November 16, 1983
I won the "lottery" at work. The prize was a the stack of newspapers that have collected since the war began. It turned out that the News and the Piedmont cut back production to a few days a week using back up generators and what supplies they have on hand. The paper is a lot smaller and doesn't cover much more than local stuff. I guess there is no way of knowing what is happening anywhere else. The last news from outside of South Carolina is the Sunday paper of September 25th - which is thicker than the rest of the papers put together - didn't mention any reason why Russia might attack us. It was a total surprise. There had been that mess with the Korean Airliner, but the coverage of President Reagan's handling of that, including released synopses of his speech that he was going to make on the 26th, had seemed to be put things in perspective.
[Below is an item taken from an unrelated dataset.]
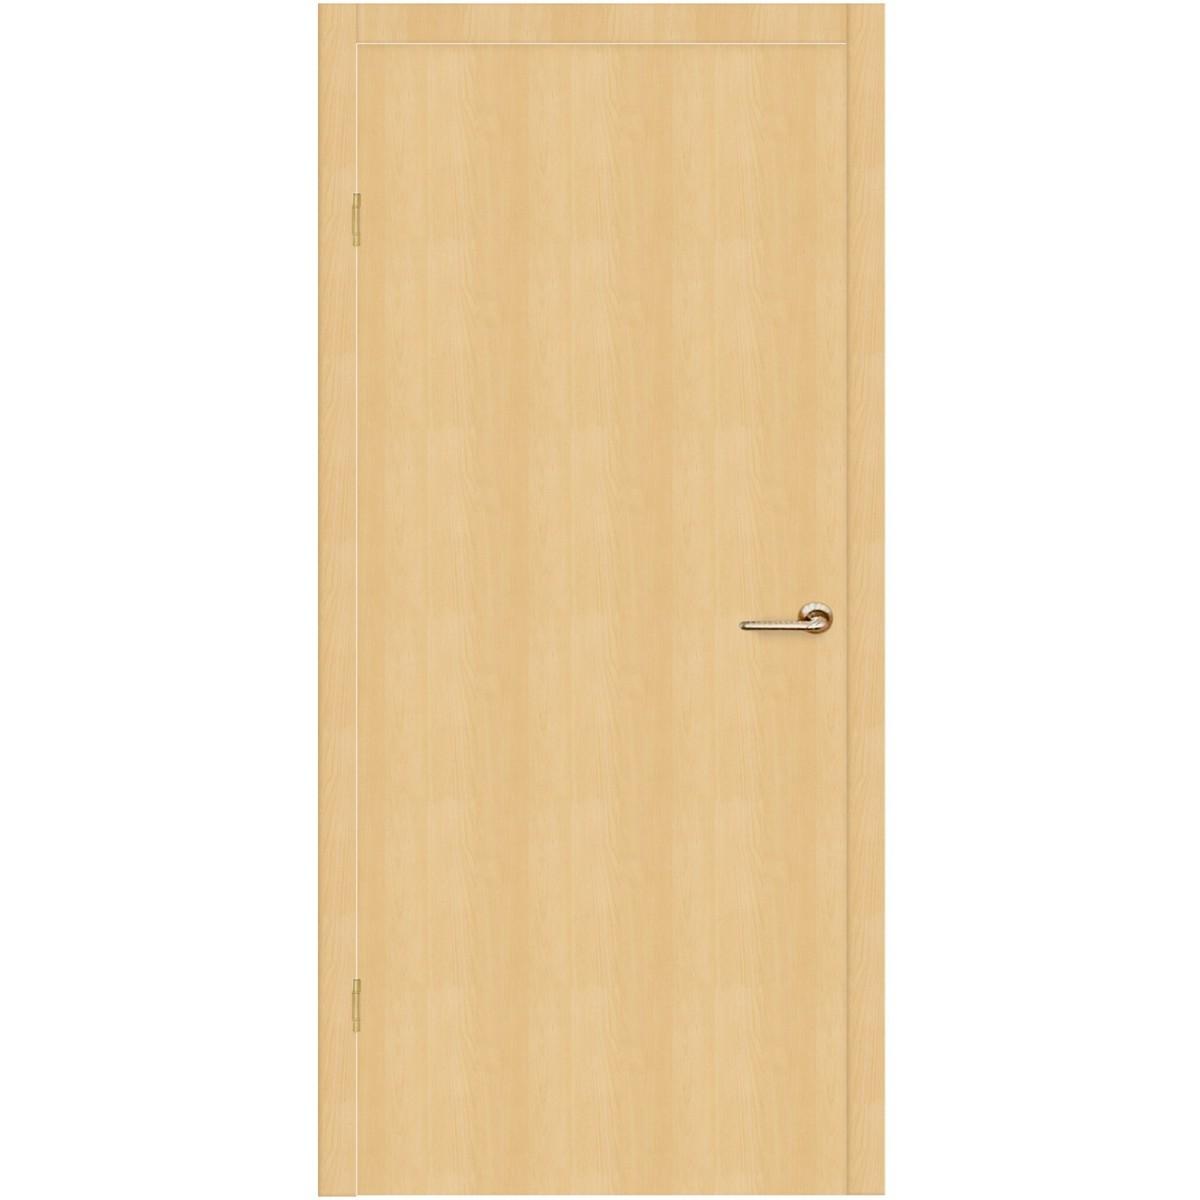 Дверь межкомнатная глухая Belleza 70x200 см ламинация цвет дуб белый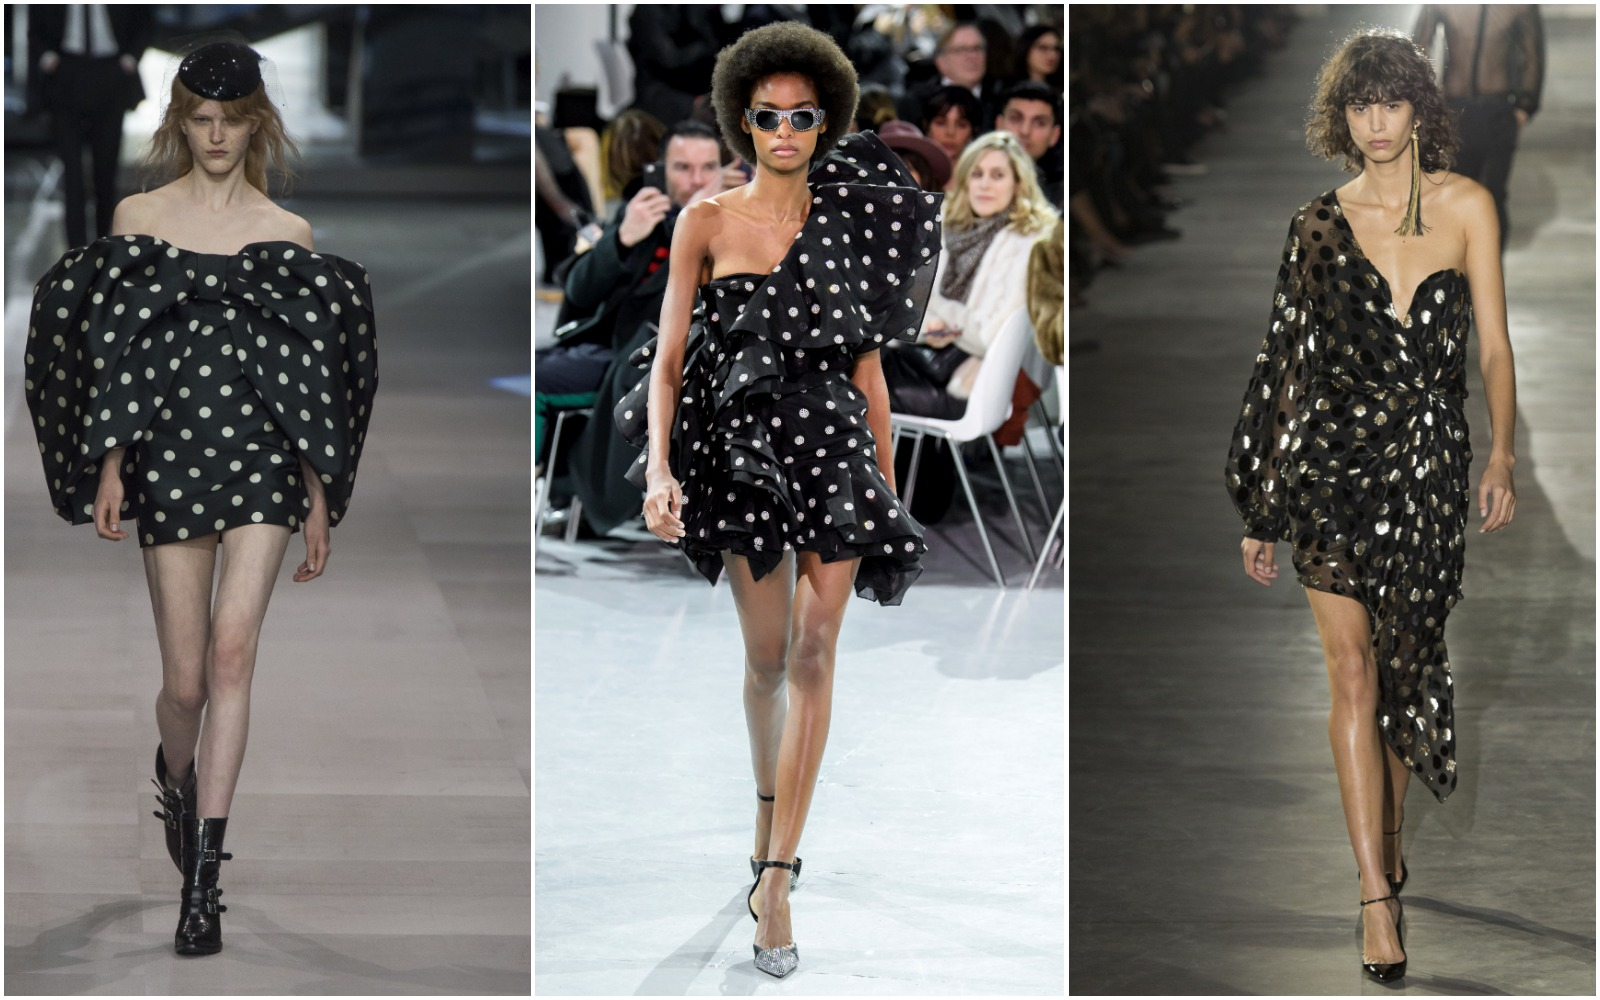 Uuups! Când similitudinea este prea mult? Celine, Alexandre Vaulthier și Saint Laurent!

Most of the news since then has been about how the cities and the counties of the upstate have come together to work through the crisis. No one seems to have power apart from places with diesel generators and their is very little diesel in tanks. The pipeline that runs from Texas right through the county has stopped running. Trucks have delivered gasoline and diesel from Anderson County storage tanks but have yet to go back for more - if there is more. Getting fuel out of the pipeline is the next problem, but authorities are working on solutions.
Having Bi-Lo headquartered in Mauldin turned out to be a blessing from God. In fact, the Frank Outlaw family - part of whom are members at Second Pres - has worked from the beginning to assure that no one goes hungry. The other super market chains have followed suit, mostly by joint efforts for now, to distribute what they have on their shelves as evenly as possible. The Farmer's Market has become a major player as well. The motto 'Eat local and Ride a bike' has become a way of life!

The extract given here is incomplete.